I switch on the wide-screen thirty-one-inch Panasonic to Late Night with David Letterman, then move over to the answering machine to change Owen's message. While erasing the current one (Owen giving all the numbers he can be reached at - including the Seaport, for god's sakeĀ - while Vivaldi's Four Seasons plays tastefully in the background) I wonder aloud where I should send Paul, and after a few minutes of intense debating decide: London. "I'll send the bastard to England," I cackle while turning the volume down on the TV and then I leave the new message. My voice sounds similar to Owen's and to someone hearing it over the phone probably identical. Tonight Letterman has on Stupid Pet Tricks. A German shepherd with a Mets cap on peels and eats an orange. This is replayed twice, in slow motion.
Into a hand-constructed bridle leather suitcase with a khaki-colored canvas cover, extra-heavy cap corners, gold straps and locks, by Ralph Lauren, I pack a wool six-button double-breasted peak-lapel chalk-striped suit and one wool flannel navy suit, both from Brooks Brothers, along with a Mitsubishi rechargeable electric shaver, a silver-plated shoehorn from Barney's, a Tag-Heuer sports watch, a black leather Prada currency holder, a Sharp Handy-Copier, a Sharp Dialmaster, his passport in its own black leather passport case and a Panasonic portable hair dryer. I also steal for myself a Toshiba portable compact disc player with one of the discs from the original cast recording of Les Miserables still in it. The bathroom is done completely in white except for the Dalmatian-spot wallpaper covering one wall. I throw any toiletry articles I might've missed into a plastic Hefty bag.

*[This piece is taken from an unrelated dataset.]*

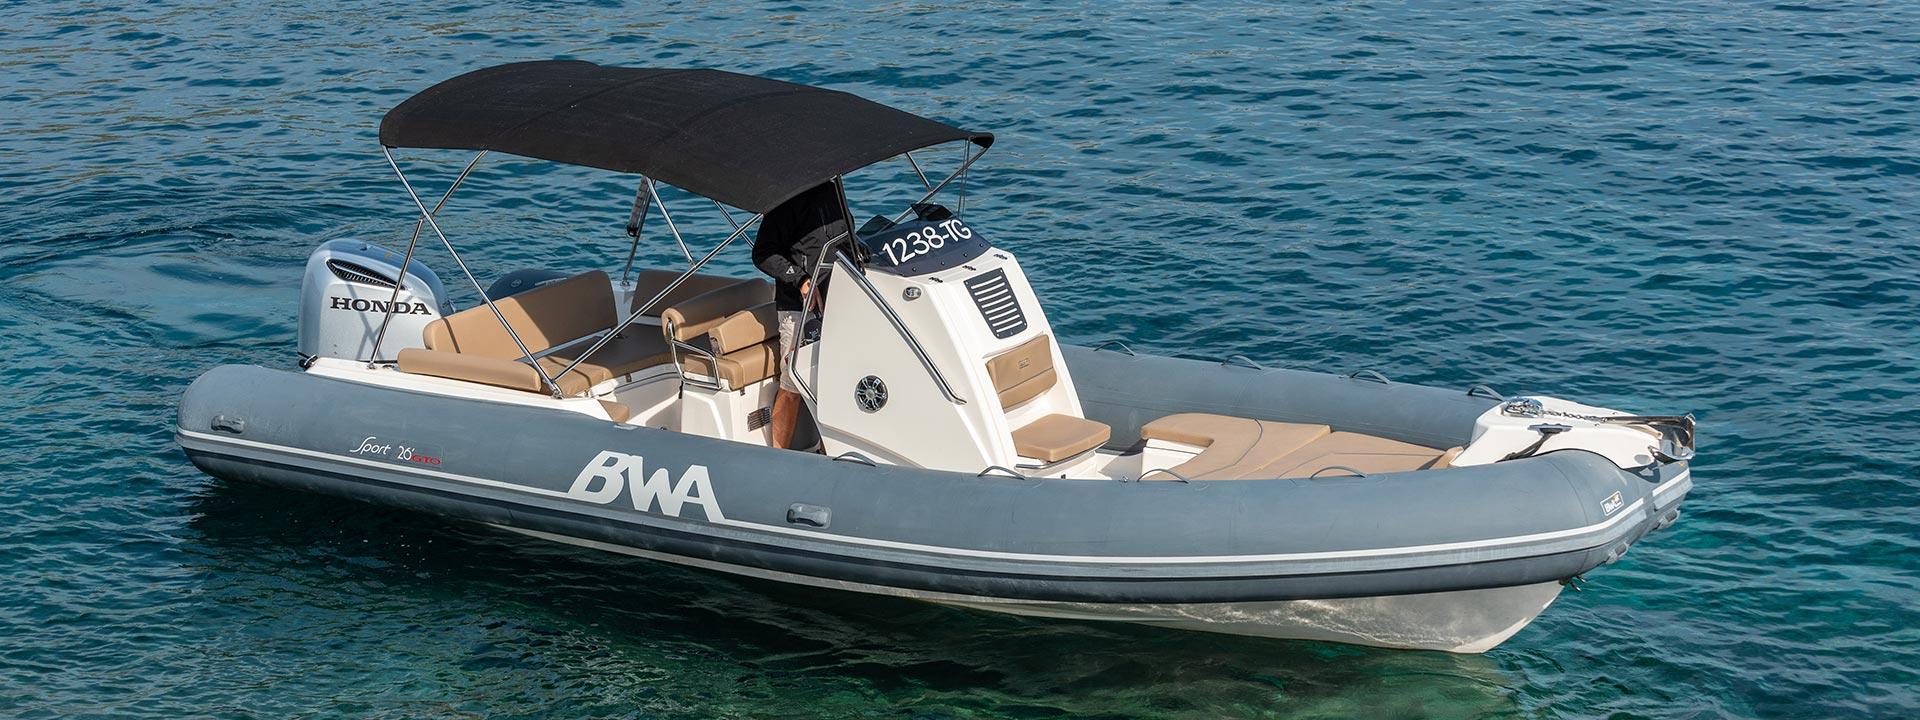 mayer-charter-boat-header-bwa-gto-sport-26-06

Back at my apartment his body is already in rigor mortis, and after wrapping it up in four cheap terry-cloth towels I also bought at the Conran's Memorial Day sale, I place Owen headfirst and fully dressed into a Canalino goose-down sleeping bag, which I zip up then drag easily into the elevator, then through the lobby, past the night doorman, down the block, where briefly I run into Arthur Crystal and Kitty Martin, who've just had dinner at Cafe Luxembourg. Luckily Kitty Martin is supposed to be dating Craig McDermott, who is in Houston for the night, so they don't linger, even though Crystal - the rude bastard - asks me what the general rules of wearing a white dinner jacket are. After answering him curtly I hail a taxi, effortlessly manage to swing the sleeping bag into the backseat, hop in and give the driver the address in Hell's Kitchen. Once there I carry the body up four flights of stairs until we're at the unit I own in the abandoned building and I place Owen's body into an oversize porcelain tub, strip off his Abboud suit and, after wetting the corpse down, pour two bags of lime over it.